- 金利の決定に関する基本的な考え方は、「金融資産の需要と供給で金利は決まる」というものである。価格の伸縮性に関する評価に応じて、実物経済要因と貨幣的要因を重視するそれぞれの立場があるが、いずれにおいても経済のファンダメンタルズが重要な決定ファクターである。
- 長期金利と短期金利を特に区別して考える「金利の期間構造」理論において、もっともベースとなるのが「期待仮説」である。その基本的発想は、「長期金利は短期資産をロールオーバーした運用収益率に等しくなる」、すなわち「長期金利は将来の短期金利の期待値から想定される収益率と裁定関係にある」というものである。

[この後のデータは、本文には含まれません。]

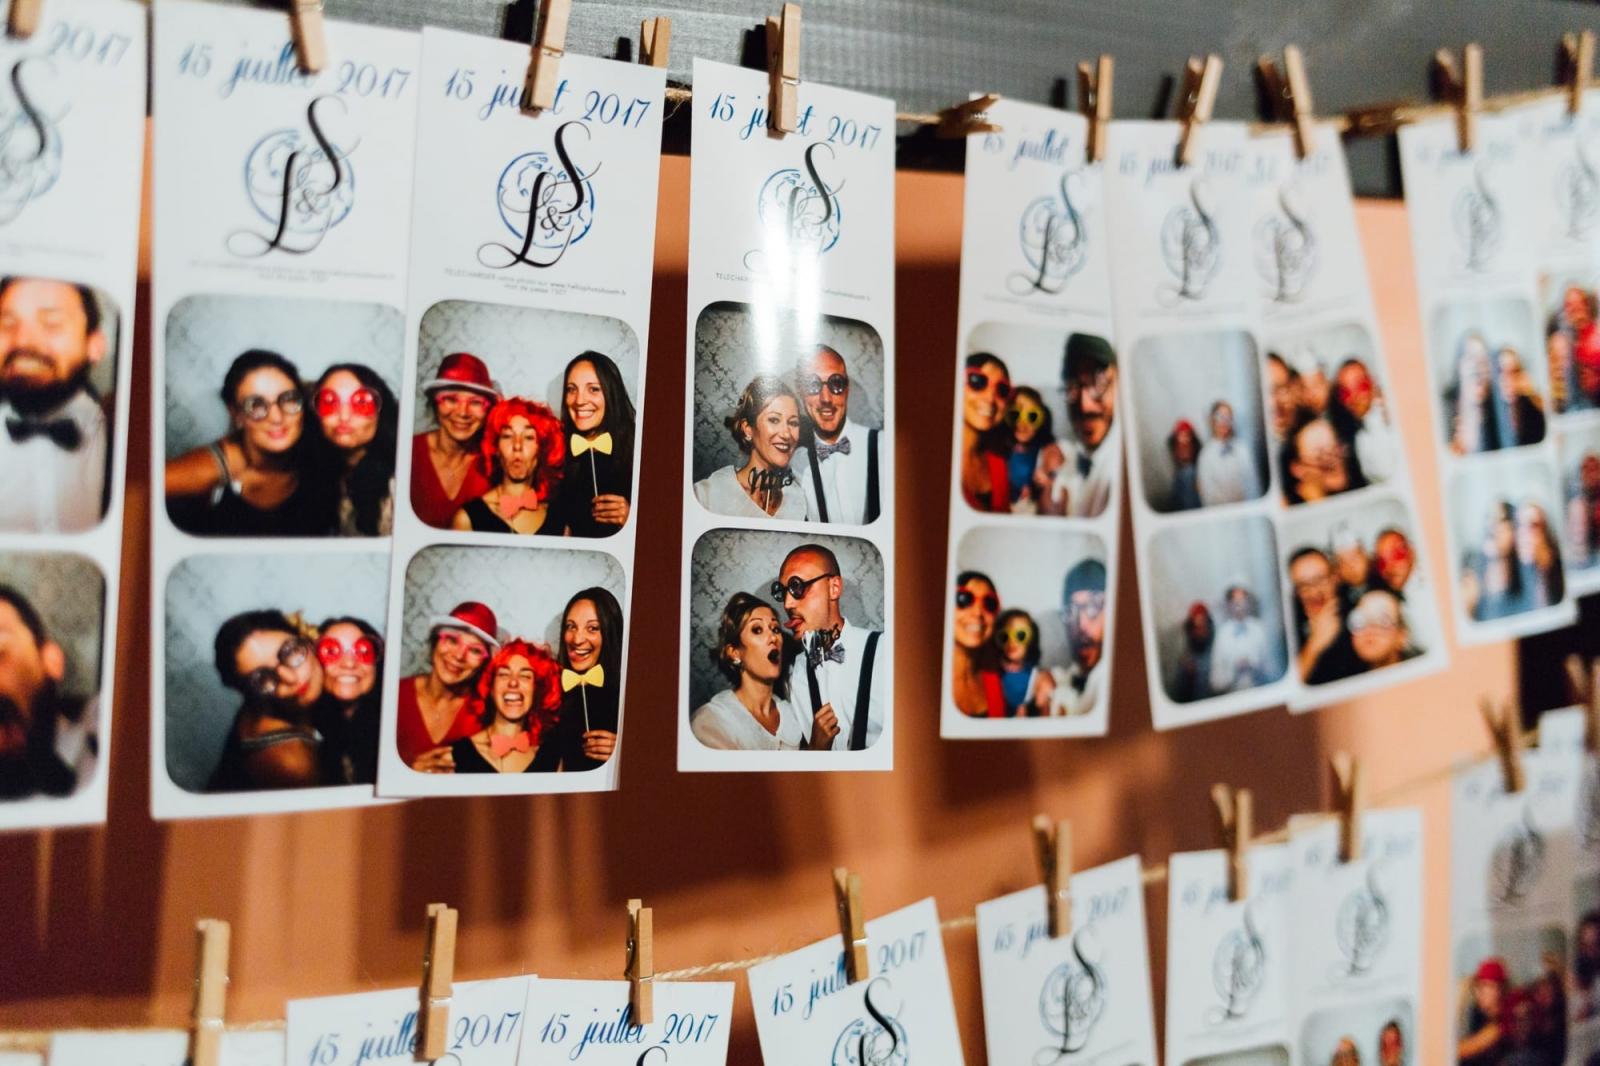 photobooth-mariage-decor-pinces

- 期待理論をより精緻化して現実に近付けるために、期間毎のプレミアムを想定することが多い。そのための仮説が、(1)残存期間が長いほどプレミアムは大きくなるとする流動性選好仮説、(2)債券市場は残存期間毎に分断されており各期間毎の需要と供給から利回りが決まるとする特定期間選好仮説である。また、プレミアムは時間を通じて変化するとの見方が有力である。
- 長期金利は満期が長いため物価変動の影響を受けやすいが、名目金利と実質金利の関係を説明する有力な仮説が、「名目金利は実質金利と期待インフレ率の和になる」とするフィッシャー仮説である。

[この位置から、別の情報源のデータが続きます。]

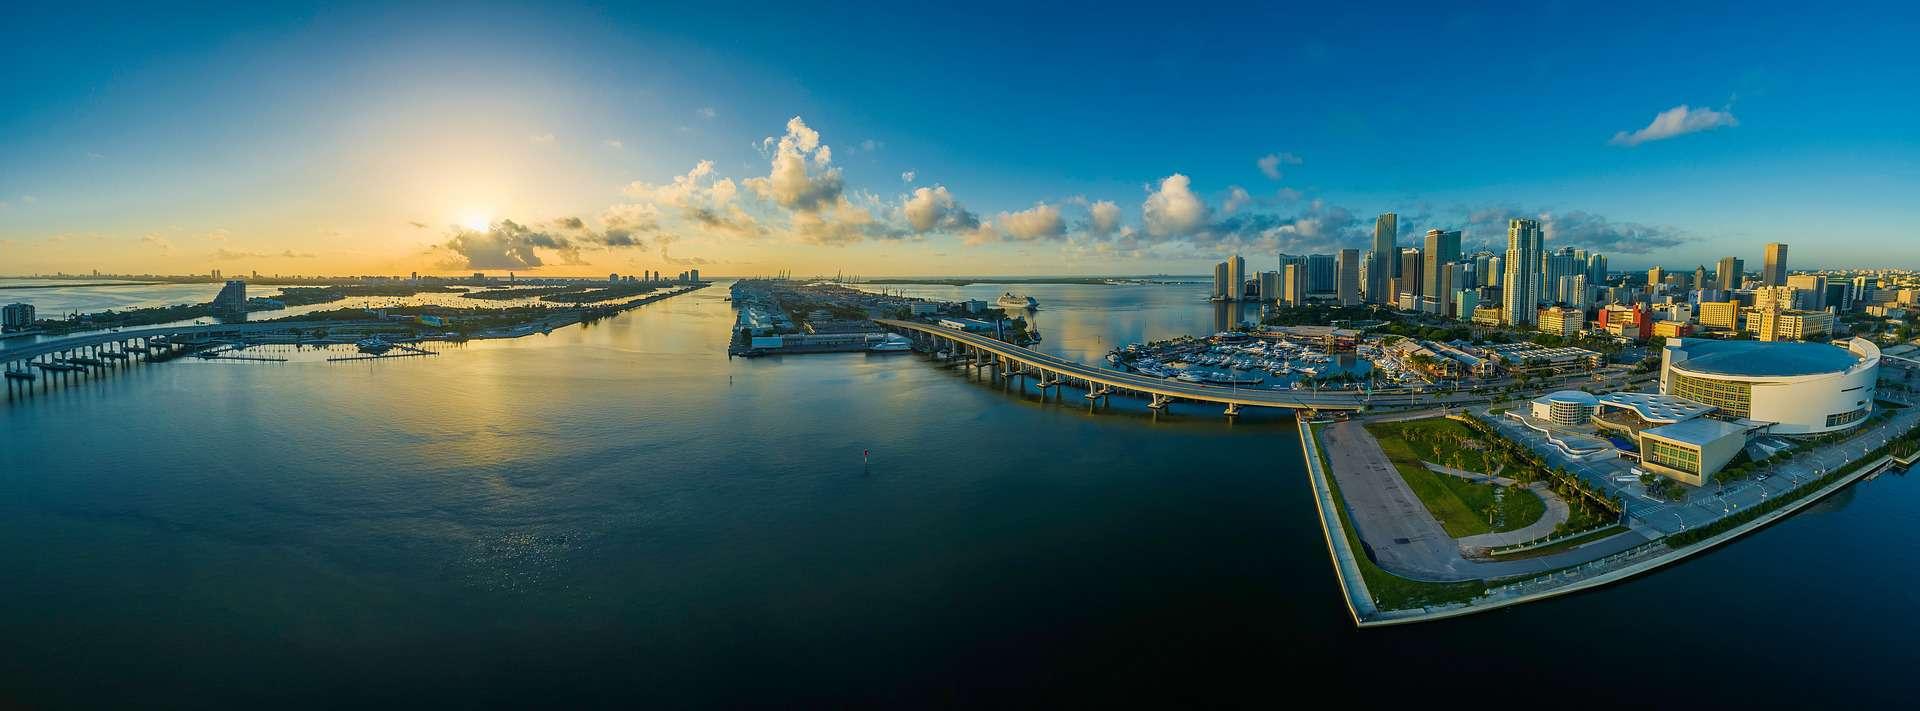 Gay Miami · Ξενοδοχεία

- 期待仮説、プレミアム仮説、フィッシャー仮説のいずれについても実証研究を困難にしているのが、対象とする変数が直接観察できない点にある。この点について、各研究とも、別途時系列モデルにより変数の推計値を作成したり、データの選択を工夫するなど腐心している。もっとも、その結果を総じてみれば、各仮説とも一定の説明力を持っているとみられる。
- 異なる期間の金利格差をみる期間構造に対し、信用リスクや流動性などから生じる金利格差をみる視点が「リスク構造」である。例えば、格付けは信用リスクを表す重要な指標である。国債は他の債券に比べ、信用度、流動性とも優れていることからリスク構造上のベンチマークとされるのが一般的である。また、信用不安が高まったり、政府債務残高が膨れ上がると、その国の債券市場におけるリスク構造に変化が生じることになる。

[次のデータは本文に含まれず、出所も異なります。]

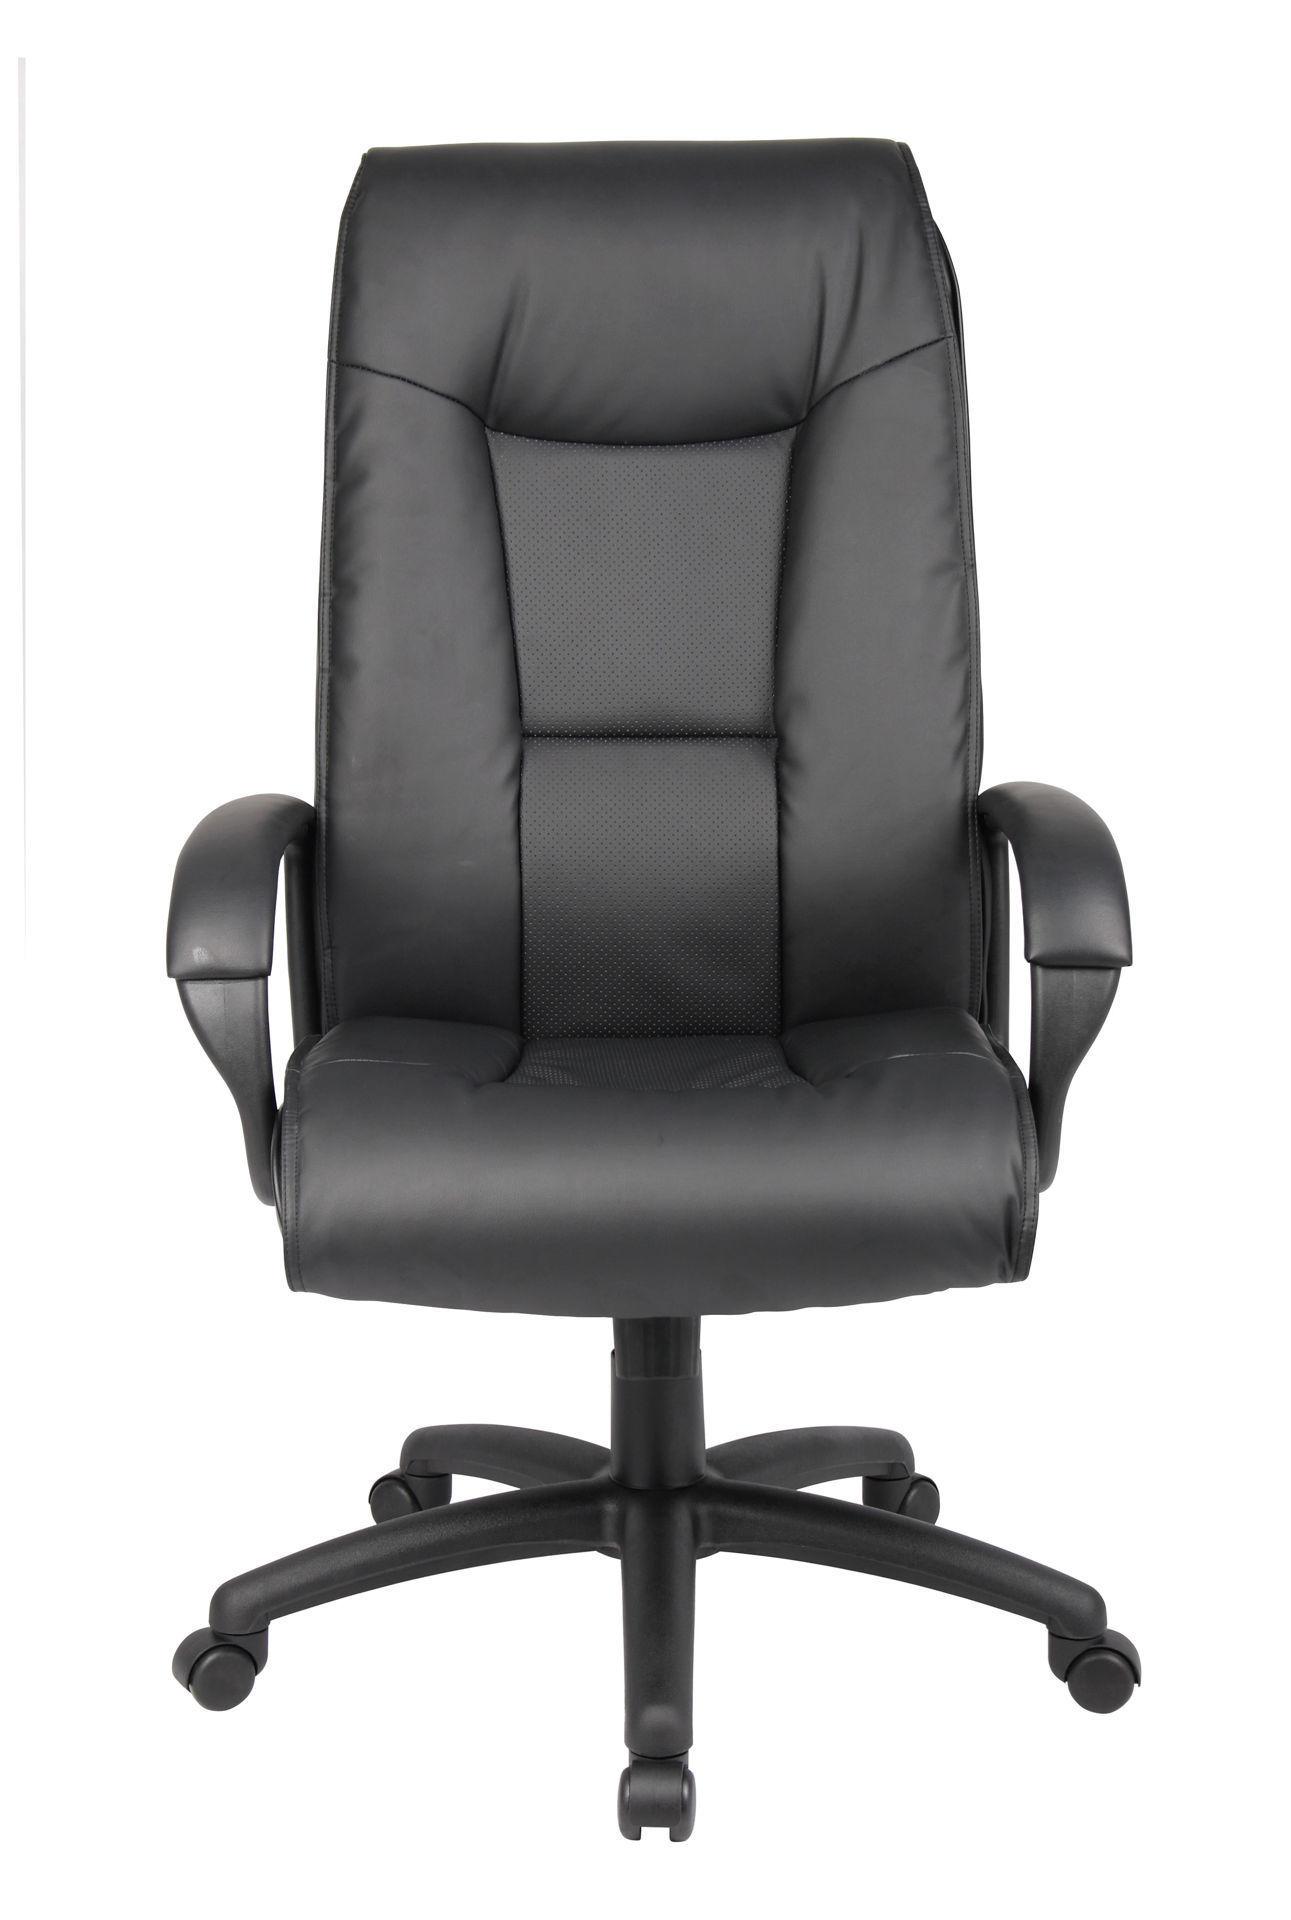 Boss High Back Padded Exec. Chair - Black

- 実際の予測については、学界・実務関係者の見解も考慮していえば、圧倒的に説明力の高い単一のモデルがあるわけではなく、(1)ベースとする理論モデル、(2)説明変数の選定、(3)モデルの形式、(4)予測期間毎のモデルの使い分け、(5)異なる期間モデルの接合、(6)推計期間などを考慮しつつ、適合性がよく使いやすいモデルを模索することになる。